Caroline Lucas gives the example of climate change:

"the government knows what to do – vastly improve energy conservation, invest seriously in renewables, cap industrial emissions and stop giving tax breaks and hidden subsidies to the worst greenhouse gas emitters – but it just hasn’t been prepared to do it. Regardless of the best efforts of Bill Sutherland and his team, I fear this work may become just another chapter in humankind’s monitoring of its own imminent extinction rather than a contribution to preventing it."

From the perspective of human survival, how we tackle climate change is secondary to the first major change that needs to happen: namely, to demonstrate that we are prepared to take any serious action at all.

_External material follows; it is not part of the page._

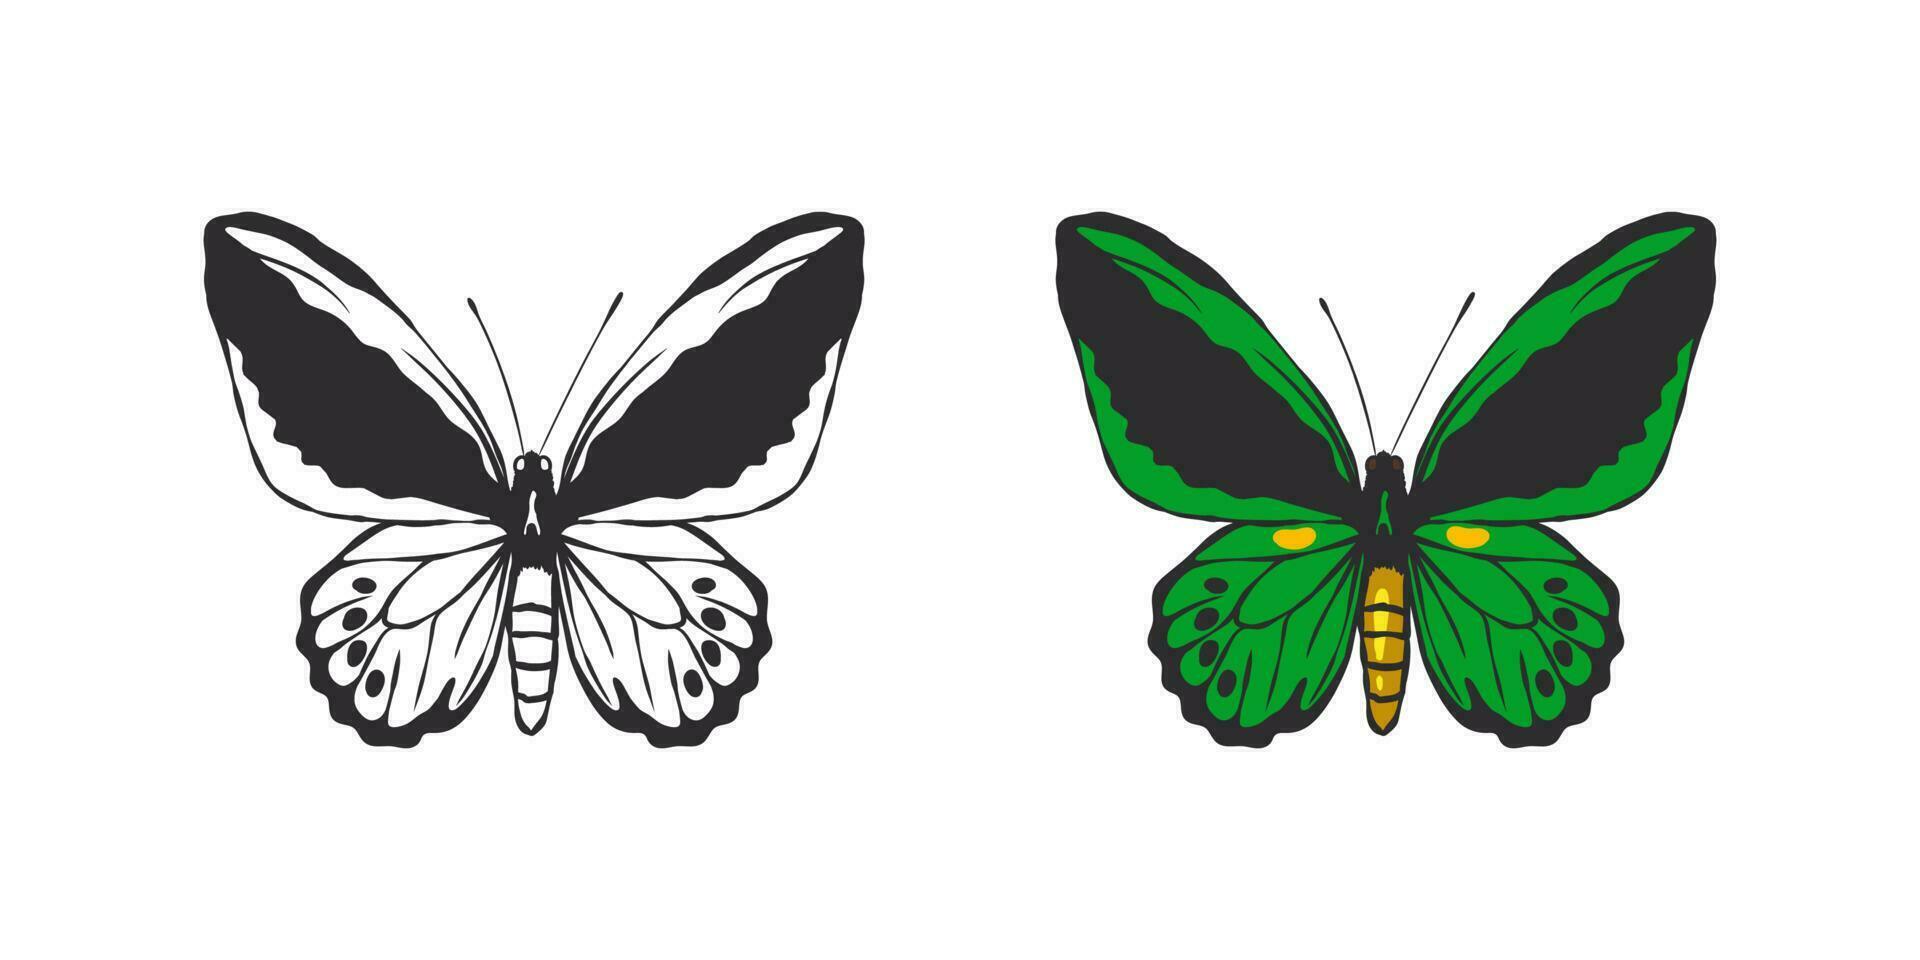 farfalle immagini. mano disegnato verde la farfalla. immagini di divertente farfalle. vettore scalabile grafica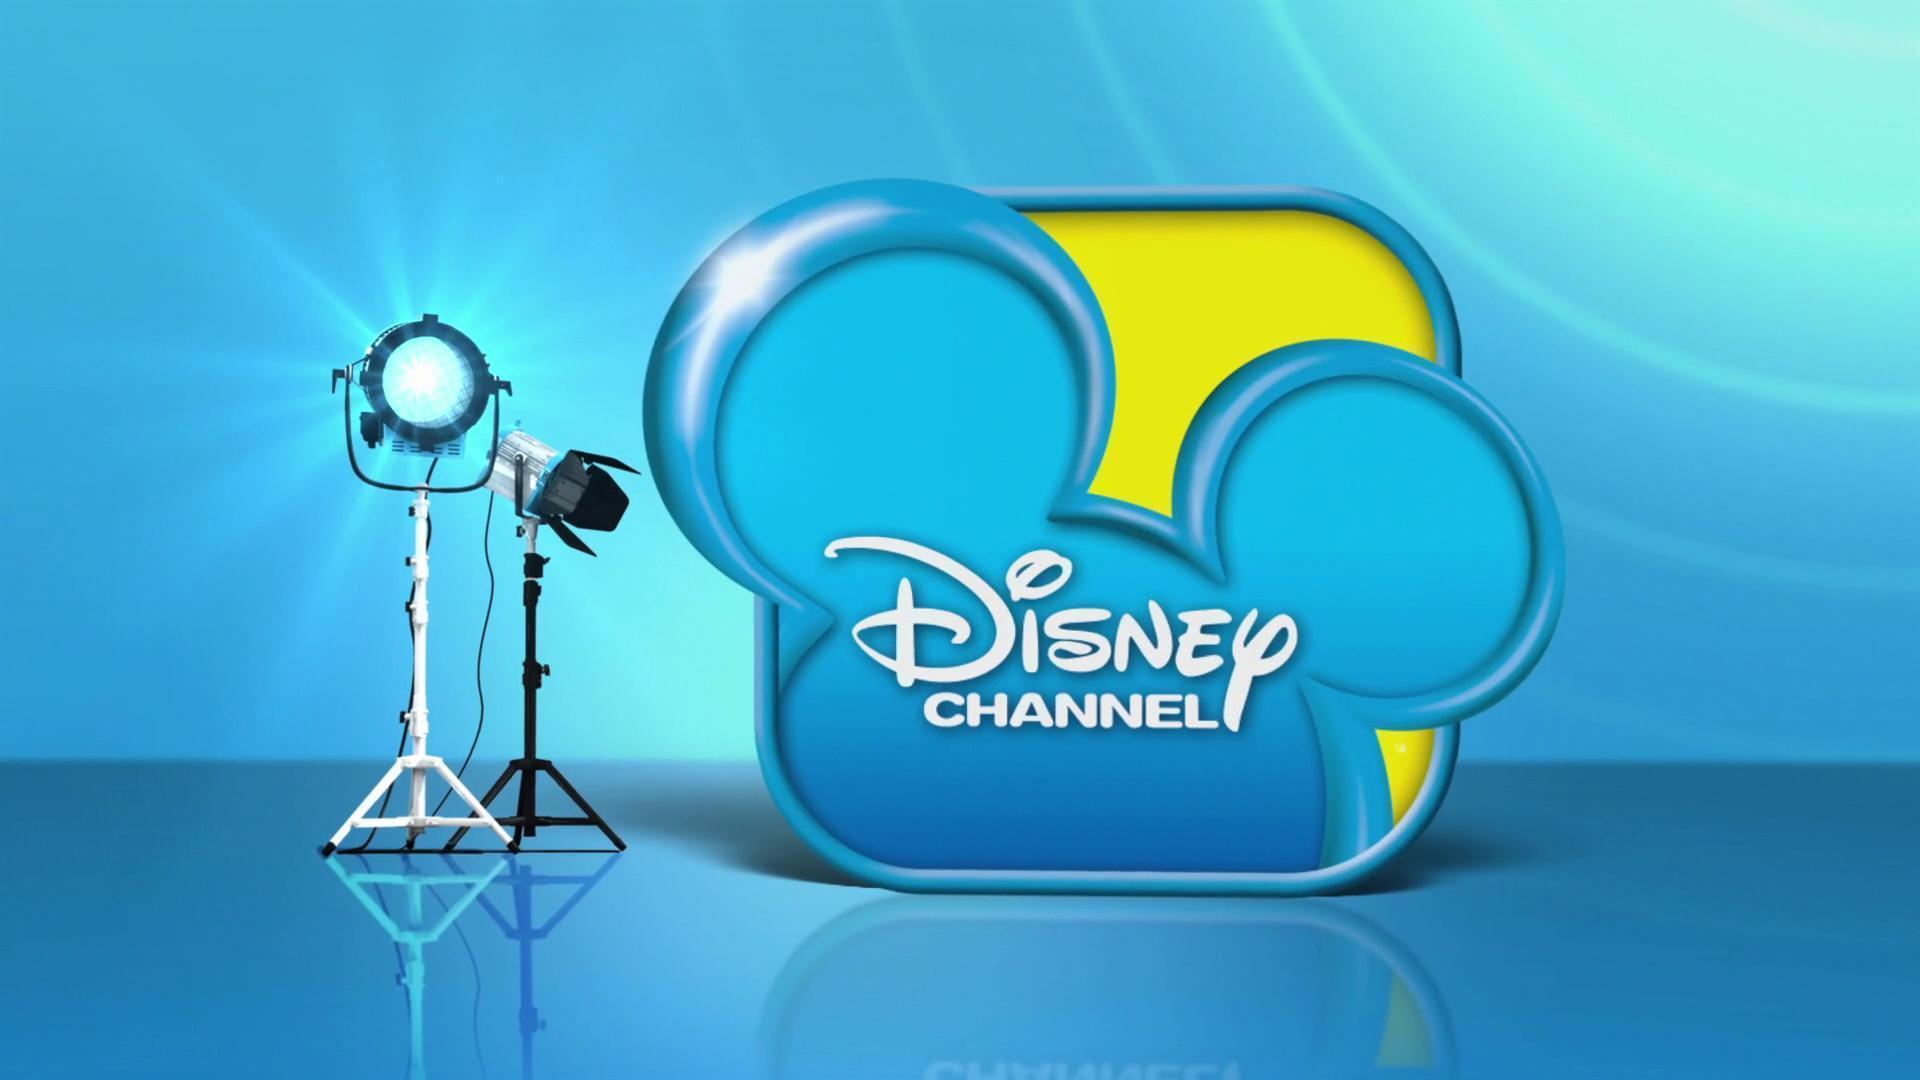 Disney Channel HD Logo - Disney Channel Wallpaper

Sadly at present neither Tony Blair nor David Cameron have given us any credible indication that a British government with them at the helm would be prepared to do so.

As Caroline Lucas notes we already know what to do - Labour aren't doing it and the Tories’ failure to adopt these policies is surely caused by their failure to bring the philosophical core of their policies in line with their new found green rhetoric, and their inability to recognise that real quality of life is not necessarily dependent on ever increasing economic growth.

I and many others will only believe the Tories are really interested in tackling climate change, and doing so in a socially equitable way, when they adopt some policies likely to actually achieve that. Let us all hope that happens soon.